Один мой приятель играл на саксофоне в каком-то ресторане на углу Суворовского и Староневского. И вот узнав от меня, что во время войны я полгода был барабанщиком в училище и в полковом оркестре, он позвал меня играть в их джаз-квартете. Я довольно быстро освоился с джазовой манерой и три вечера в неделю не только получал неплохие деньги (посетители, заказывавшие музыку, кидали на эстраду десятки, а иногда и полусотни), но после работы нас ещё кормили и бесплатным обедом на ресторанной кухне. Кормили по тем временам сказочно.
А к Витовецкому я с тех пор заходил, несмотря на частые приглашения, только раз в год, в его день рождения, причем всегда с подарком, который явно показывал, что я никак в его помощи не нуждаюсь.
—--------
Одновременно со мной на отделение ассириологии и гебраистики Востфака поступил мой троюродный братец Саша Гительсон, с которым я до тех пор был знаком довольно шапочно.
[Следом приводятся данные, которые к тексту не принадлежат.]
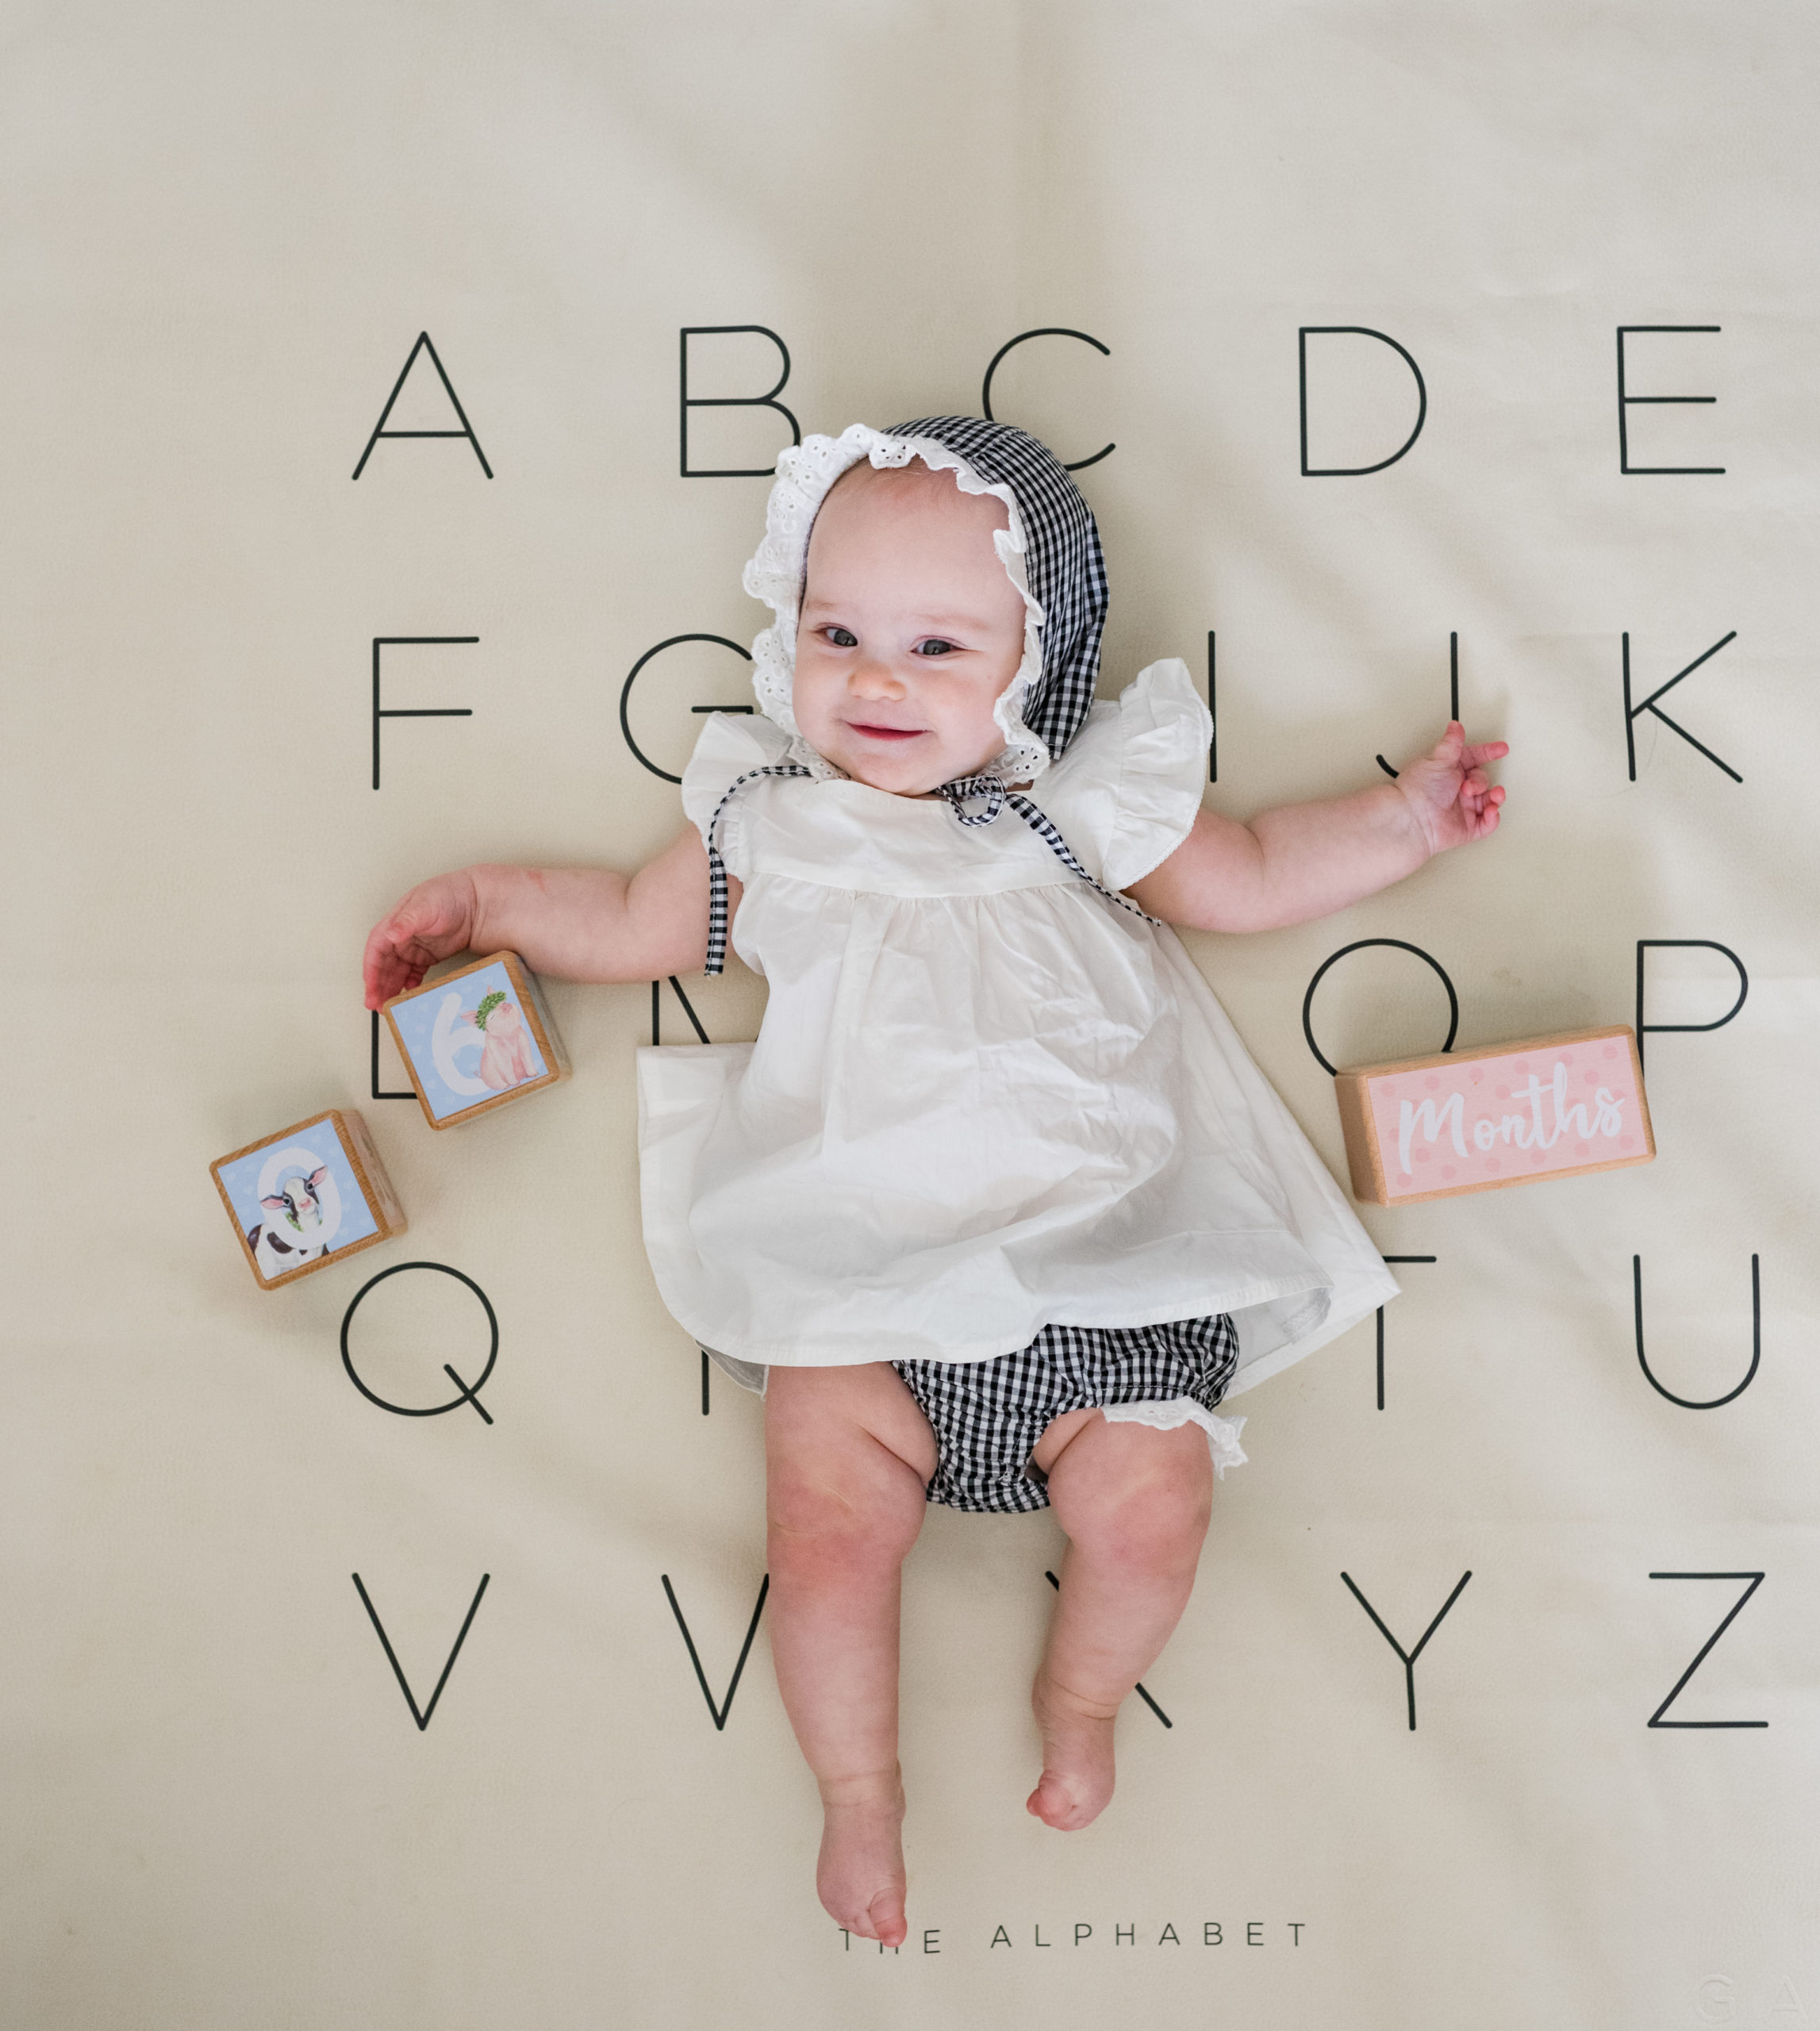 Olivia 6 Months Old - Sweet Williams Photography is a lifestyle, engagement, and wedding photographer serving the Nashville, Tennessee area, and destination locations.

Между нами началась «идеологическая война». Вот очень приблизительно его тогдашние высказывания: «Ну что это за стихи, романтика да гнилая лирика, рыцари всякие, баллады! А знаешь, есть такой Миша ***, вот он пишет! Вот его «Алые паруса»!» И цитирует мне какую-то верноподданную чушь, из которой помню только конец: «Вместо паруса в сказке в руках наших алое знамя,/ вместо берега в сказке его видит весь шар земной». Ну что тут можно было сказать? Я только и заметил, что парус в руках — не самый лучший образ…
После того, как меня выгнали в конце первого курса за то, что я пять раз подряд провалил зачёт по арабскому, а вовсе не за политику, мы с Сашей практически не общались до 1972 года. А в 72 году я позвонил ему в Израиль из Питера с обычной по тем временам просьбой о вызовах.
Саша был к тому времени не только свеженьким израильтянином, но уже и главным редактором журнала «Сион». Говорил он со мной несколько свысока, как многие «пошедшие по правильному пути» без года неделю израильтяне разговаривали в те годы с «гоями» или с «евреями-изменниками», ехавшими «мимо». Но с десяток вызовов Саша по моей просьбе сделал. И на том спасибо…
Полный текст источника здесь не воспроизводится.